_Task brief_.
The answer is a single number: the count of lines in the records below that contain the word "shows".

_Exercise data_.
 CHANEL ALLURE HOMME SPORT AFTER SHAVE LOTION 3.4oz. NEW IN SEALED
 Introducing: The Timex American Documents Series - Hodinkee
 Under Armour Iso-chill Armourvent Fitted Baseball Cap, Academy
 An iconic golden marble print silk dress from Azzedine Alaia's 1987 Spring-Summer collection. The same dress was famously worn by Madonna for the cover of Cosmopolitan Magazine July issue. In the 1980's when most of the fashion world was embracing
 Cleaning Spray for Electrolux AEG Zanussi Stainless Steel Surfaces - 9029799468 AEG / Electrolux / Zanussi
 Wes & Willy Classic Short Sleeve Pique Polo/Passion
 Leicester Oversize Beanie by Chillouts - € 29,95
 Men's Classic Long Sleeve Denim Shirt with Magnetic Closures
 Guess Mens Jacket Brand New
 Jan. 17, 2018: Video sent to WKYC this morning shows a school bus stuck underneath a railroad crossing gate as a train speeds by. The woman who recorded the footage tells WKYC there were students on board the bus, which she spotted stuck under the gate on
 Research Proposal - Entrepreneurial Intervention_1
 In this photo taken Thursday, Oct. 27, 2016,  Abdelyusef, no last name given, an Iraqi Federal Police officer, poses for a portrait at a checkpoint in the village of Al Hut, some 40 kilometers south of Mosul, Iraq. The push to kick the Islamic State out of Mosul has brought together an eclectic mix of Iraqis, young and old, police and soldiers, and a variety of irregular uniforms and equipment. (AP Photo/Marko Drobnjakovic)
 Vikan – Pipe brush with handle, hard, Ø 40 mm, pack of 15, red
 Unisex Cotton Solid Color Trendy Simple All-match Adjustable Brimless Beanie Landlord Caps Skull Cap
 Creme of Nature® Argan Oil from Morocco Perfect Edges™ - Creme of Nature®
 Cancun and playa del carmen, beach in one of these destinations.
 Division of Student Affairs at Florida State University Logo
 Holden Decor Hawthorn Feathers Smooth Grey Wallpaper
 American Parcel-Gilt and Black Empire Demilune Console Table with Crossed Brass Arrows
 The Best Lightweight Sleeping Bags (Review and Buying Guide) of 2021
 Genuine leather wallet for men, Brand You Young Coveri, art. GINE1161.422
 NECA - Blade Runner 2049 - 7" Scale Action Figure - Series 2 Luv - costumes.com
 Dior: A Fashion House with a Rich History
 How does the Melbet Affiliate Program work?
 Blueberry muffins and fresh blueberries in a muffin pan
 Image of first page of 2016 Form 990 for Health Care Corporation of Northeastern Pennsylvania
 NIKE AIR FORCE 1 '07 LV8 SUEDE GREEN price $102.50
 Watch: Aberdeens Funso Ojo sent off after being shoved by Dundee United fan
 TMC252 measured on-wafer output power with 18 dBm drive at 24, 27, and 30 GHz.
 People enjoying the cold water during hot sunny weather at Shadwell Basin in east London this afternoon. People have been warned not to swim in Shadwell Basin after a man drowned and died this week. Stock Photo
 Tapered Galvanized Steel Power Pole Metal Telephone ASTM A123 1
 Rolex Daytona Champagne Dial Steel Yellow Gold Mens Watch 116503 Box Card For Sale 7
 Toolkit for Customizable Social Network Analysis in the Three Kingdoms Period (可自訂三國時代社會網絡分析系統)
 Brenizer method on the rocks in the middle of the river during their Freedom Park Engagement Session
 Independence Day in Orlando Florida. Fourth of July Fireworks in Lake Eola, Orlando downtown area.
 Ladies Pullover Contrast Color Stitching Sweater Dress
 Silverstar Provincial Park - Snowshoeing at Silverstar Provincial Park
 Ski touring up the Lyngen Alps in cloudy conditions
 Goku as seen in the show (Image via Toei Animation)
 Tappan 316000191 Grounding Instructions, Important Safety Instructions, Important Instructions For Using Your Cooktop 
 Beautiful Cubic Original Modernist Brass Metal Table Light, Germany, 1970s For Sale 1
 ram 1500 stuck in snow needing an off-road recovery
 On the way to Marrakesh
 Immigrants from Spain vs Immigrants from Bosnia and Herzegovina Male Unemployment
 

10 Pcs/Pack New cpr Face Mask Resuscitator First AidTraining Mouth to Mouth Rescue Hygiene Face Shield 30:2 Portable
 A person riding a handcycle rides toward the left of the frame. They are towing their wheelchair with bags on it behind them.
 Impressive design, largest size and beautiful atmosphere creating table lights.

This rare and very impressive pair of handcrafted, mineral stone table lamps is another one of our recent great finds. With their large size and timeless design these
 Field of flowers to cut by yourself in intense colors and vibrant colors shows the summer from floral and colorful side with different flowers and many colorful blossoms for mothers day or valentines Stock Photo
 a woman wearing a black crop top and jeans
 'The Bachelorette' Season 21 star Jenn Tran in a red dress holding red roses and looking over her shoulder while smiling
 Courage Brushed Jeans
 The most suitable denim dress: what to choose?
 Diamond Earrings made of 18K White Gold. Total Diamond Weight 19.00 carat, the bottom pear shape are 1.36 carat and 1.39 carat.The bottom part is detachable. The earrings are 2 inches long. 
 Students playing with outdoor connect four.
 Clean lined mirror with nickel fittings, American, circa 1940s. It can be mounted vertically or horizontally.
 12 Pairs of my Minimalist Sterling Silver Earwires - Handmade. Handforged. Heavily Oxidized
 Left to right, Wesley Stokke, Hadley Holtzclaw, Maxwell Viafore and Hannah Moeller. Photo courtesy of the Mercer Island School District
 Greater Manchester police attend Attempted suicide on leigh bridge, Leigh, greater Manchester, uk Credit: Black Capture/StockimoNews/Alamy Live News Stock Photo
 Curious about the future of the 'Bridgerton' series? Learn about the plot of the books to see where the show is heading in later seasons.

_Task solution_.
2